O Senado da Itália votou a favor da restrição do direito à cidadania, por meio do decreto-lei 36/2025, tema que vem gerando críticas de descendentes de italianos que buscam a documentação há anos.
A votação ocorreu nesta quinta-feira (15), segundo informou o perfil oficial do Senado nas redes sociais. “Com 81 votos a favor e 37 contra, a Assembleia aprovou com emendas o decreto-lei”.
A medida agora passa a ser analisada na Câmara dos Deputados, que tem até o dia 27 de maio para aprovar ou rejeitar o texto, sob o risco de perder a validade – na Itália, os decretos-lei devem passar pelo Parlamento dentro de 60 dias ou são anulados.
O direito à cidadania italiana atualmente segue o princípio do ius sanguinis (direito de sangue), ou seja, por descendência ou filiação, sem restrição de gerações. Com o novo texto, passará a ser reconhecido apenas as duas gerações de descendentes (filhos e netos) de italianos.
Em 28 de março, o governo da primeira-ministra Giorgia Meloni anunciou o decreto-leipara limitar a concessão de nacionalidade a descendentes de italianos no exterior, sob a justificativa de conter sua “comercialização” e o aumento de solicitações, especialmente da América do Sul.
A terceira fase dessa reforma obrigará os interessados em obter a nacionalidade a apresentar o pedido a um órgão do Ministério das Relações Exteriores e não poderão mais fazê-lo nos consulados.
Senadores acrescentaram emendas ao texto original
Rafael Gianesini, CEO e cofundador da Cidadania4U, explica que os senadores fizeram mudanças importantes no texto original proposto pelo governo
“O texto apresentado pelo governo defendia que, para ter direito à cidadania italiana, o requerente precisaria ser filho ou neto de italiano nascido na Itália.

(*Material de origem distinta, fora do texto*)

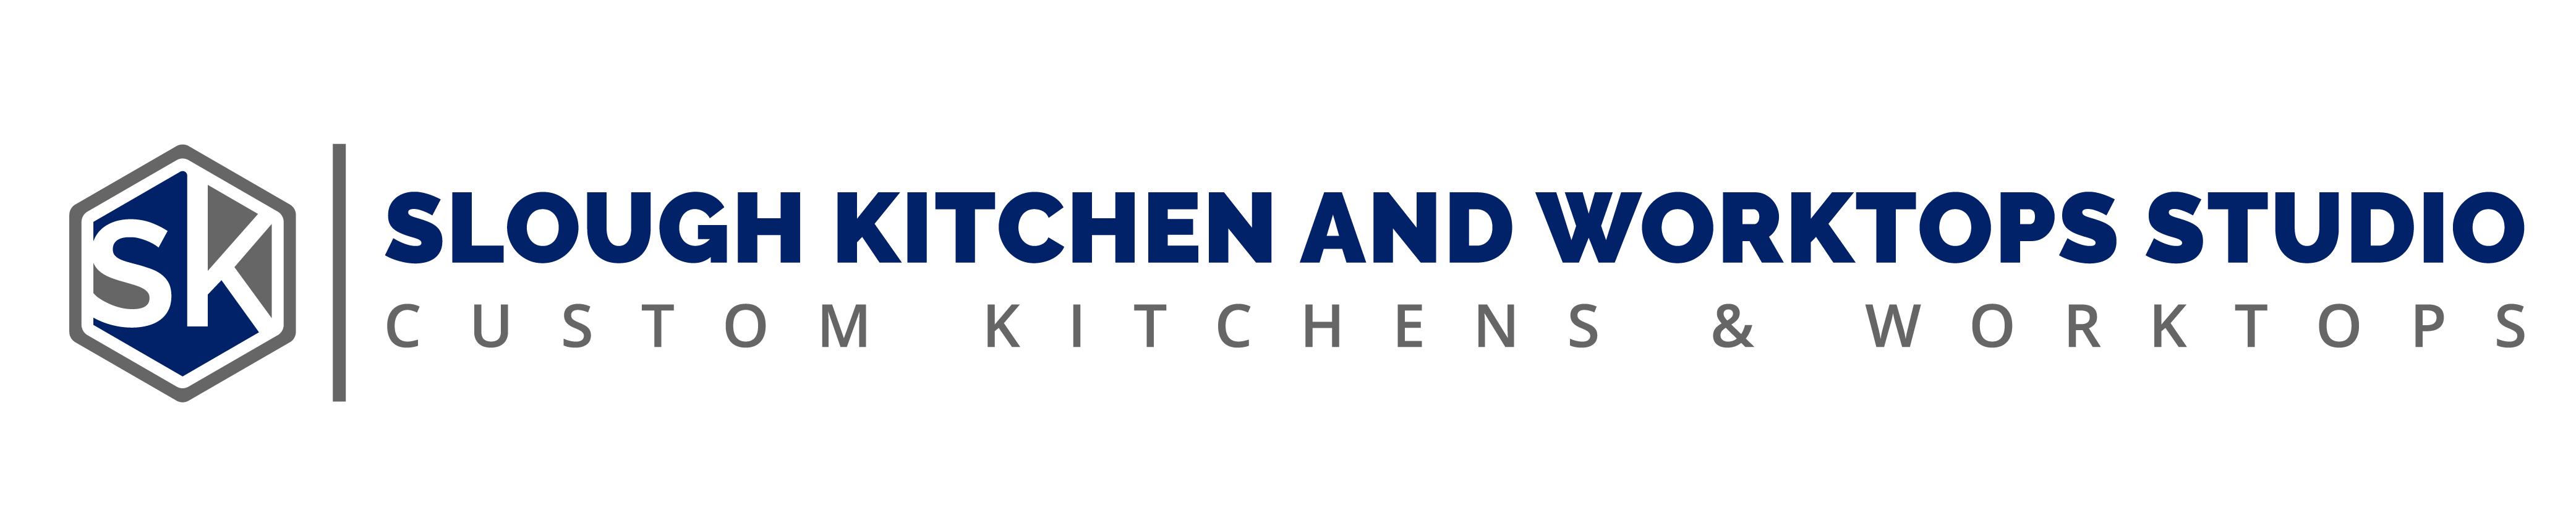 Slough Kitchens

Então, se meu avô for nascido na Itália, eu poderia ter acesso à documentação, mas meu filho não. O texto atual do Senado tirou esse trecho de precisar ter nascido na Itália e mudou para que o meu pai ou avô deveria ter tido exclusivamente cidadania italiana”, explica Gianesini.
“Basicamente, os senadores retiraram o trecho ‘nascido na Itália’ e acrescentaram ‘exclusivamente italiano’, o que foi negativo para os descendentes ítalo-brasileiros”.
Mariane Baroni, diretora jurídica da Master Cidadania, afirma que a modificação da redação no Senado apenas tornou a “fórmula mais restritiva e indireta”.
“O texto fala agora de ‘ascendentes que tenham tido, até a morte, exclusivamente a cidadania italiana’. Embora menos explícita, essa nova formulação continua excluindo, na prática, a maioria dos imigrantes”, argumenta.
Segundo Baroni, “essa alteração ignora a realidade histórica da imigração e penaliza descendentes cujo ancestral se naturalizou em outro país, muitas vezes por imposição legal”.
Outra mudança, agora considerada positiva pelo CEO da Cidadania4U, é que uma das modificações dos senadores inaugurou um novo benefício no processo de cidadania: agora, foi criada uma janela de um ano para que as pessoas que tiveram filhos possam regularizar a cidadania.
“Por exemplo, suponhamos que eu já tenha cidadania italiana, mas nunca atualizei a documentação do meu filho de cinco anos nos consulados italianos. Com essa janela de um ano, eu poderei fazer isso. Meus futuros filhos também terão acesso a esse direito, isso foi uma melhora que não havia antes”.
Especialistas voltam a afirmar que o decreto-lei carece de constitucionalidade
Para Baroni, da Master Cidadania, “o decreto aprovado com o apoio de partidos da base governista tem o objetivo de restringir o acesso de descendentes de italianos – sobretudo na América do Sul – ao direito de sangue, constitucionalmente assegurado”.
Rafael Gianesini lembra que é a tese defendida pelo governo no decreto-lei entra em conflito com o que diz a legislação nacional.
“A lei italiana é originária, os ítalos-descendentes nascem cidadãos italianos e, quando a gente reconhece a cidadania italiana, isso é reconhecido desde o momento em que nascemos, então não depende de decisões judiciais ou da apresentação de documentos nos consulados. A pessoa é cidadã italiana desde o nascimento. No decreto-lei, o governo diz que apenas quem apresentou documentação até o dia 27 de março seria considerado detentor desse direito, excluindo os demais, isso retroage a lei, é completamente inconstitucional”.